Creating the credential store application on a single Domino® server
Use keymgmt
commands at the Domino® server console to set up the credential
store for single-server use.
About this task
The console commands described here create the credential store database (credstore.nsf) from the websecuritystore.ntf template. Do not use this template to create the database manually. Do not change the database file name.
Procedure
-
From the server console, use the following command to create a named encryption key
(NEK) which is added to the server ID file. Domino® uses the key to encrypt the credentials that are stored in the credential
store.
keymgmt create nek <nekname>
where <nekname
is a name you give the key.

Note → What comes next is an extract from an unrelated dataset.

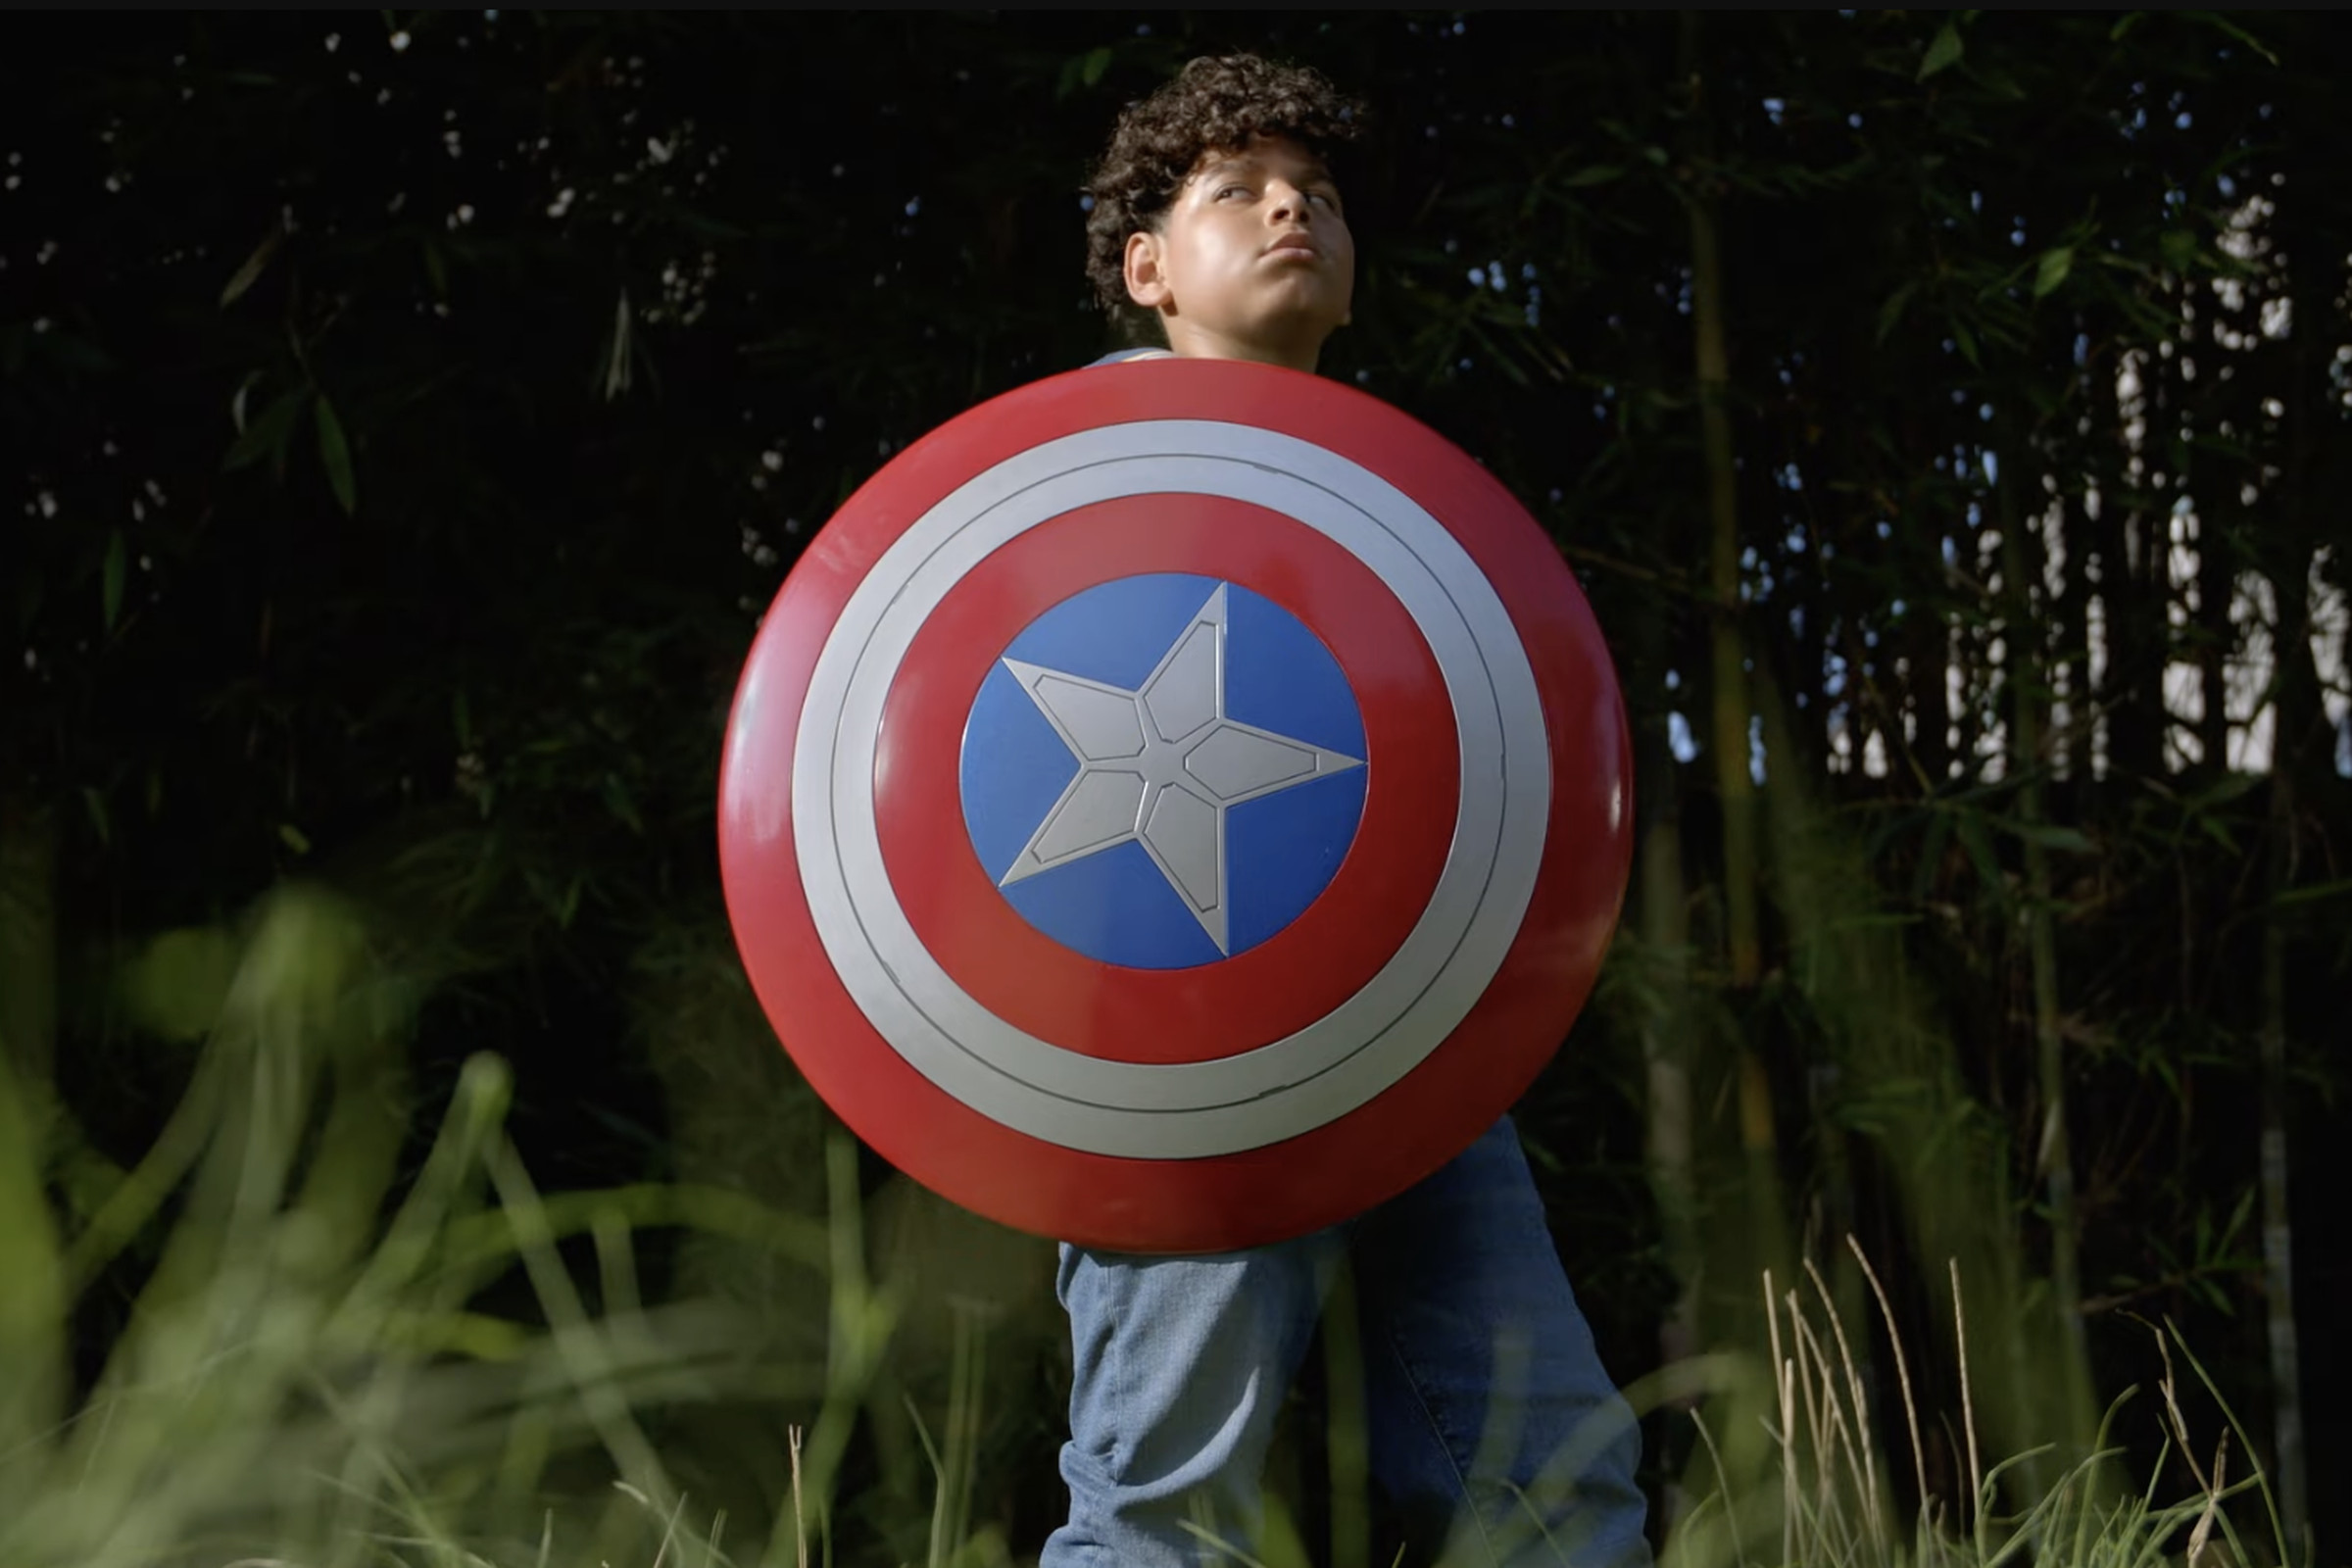 Image of young boy outside standing in grass looking heroically into the distance while holding Captain America’s sheild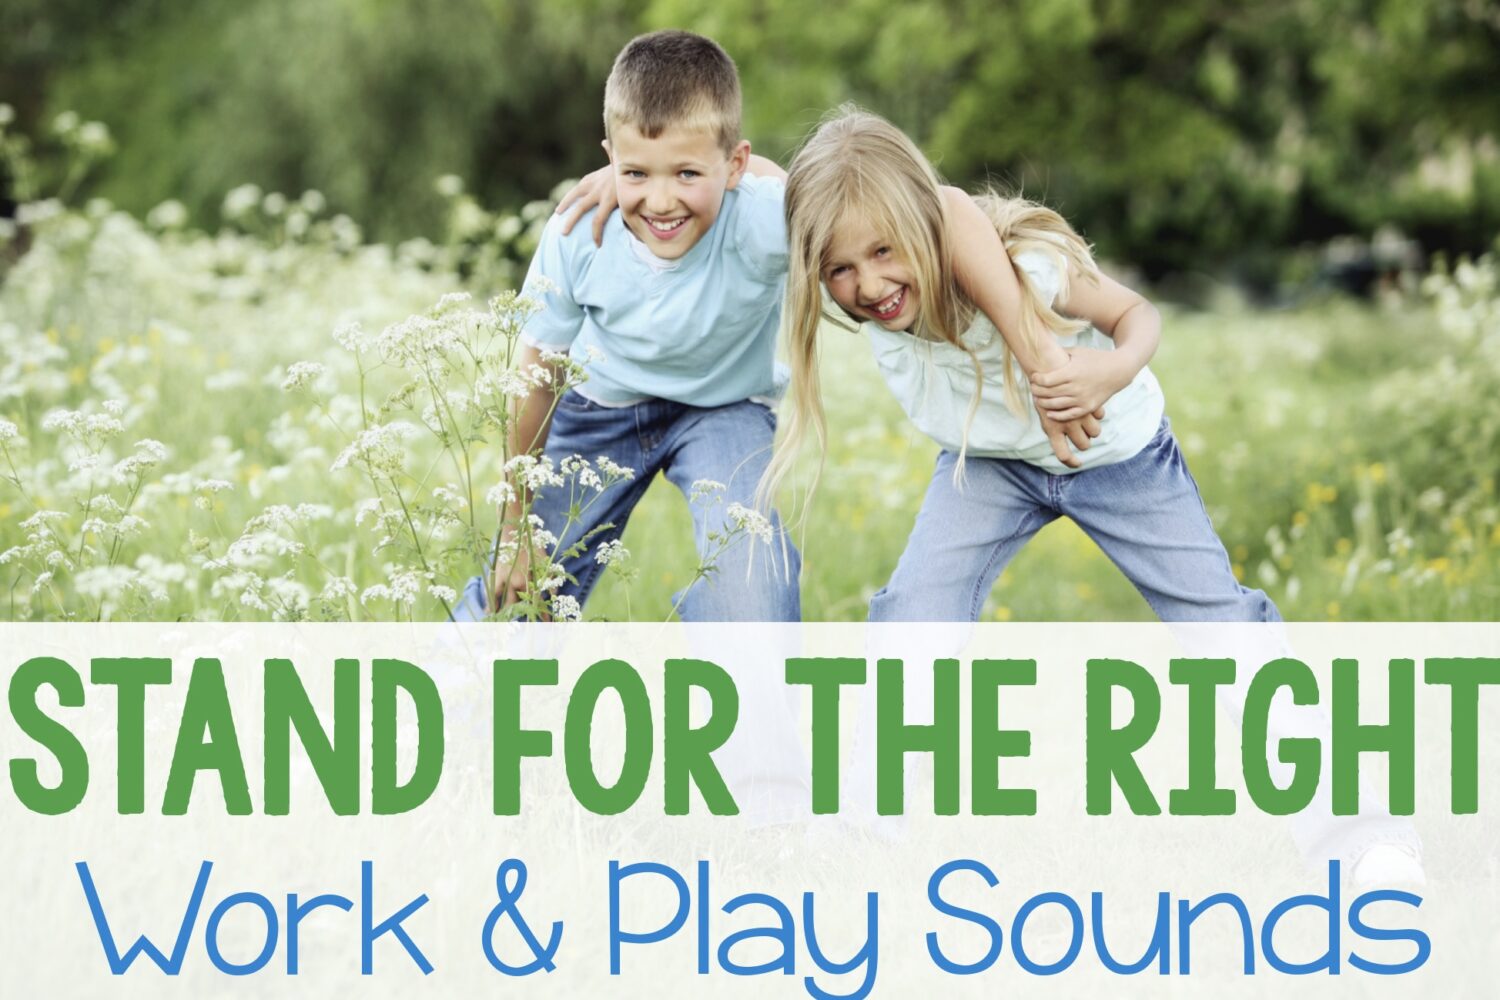 Use this Stand for the Right Work & Play Sounds nature and senses singing time idea by comparing work sounds and play sounds with additional ideas for LDS Primary Music Leaders.

For example:keymgmt create nek credstorekey
-
Verify that you see a message in the server console log similar to the following one
indicating that the key is created successfully:
[024C:0008-3848] 04/16/2019 05:04:13.06 PM NEK > NEK credstorekey - Fingerprint 44A5 624A 65CD 1771 F274 4779 C7AB 2FE0 9671 BB30 [024C:0008-3848] NEK credstorekey created successfully
- Make a note of the displayed fingerprint for the key.
-
From the server console, use the following command to create the credential store
application and encrypt it using the key you created:
For example:keymgmt create credstore <nekname>
Verify that:keymgmt create credstore credstorekey
- The fingerprint matches the one you noted in Step 3.
- The database credstore.nsf is created in the Domino® \data\IBM_CredStore directory.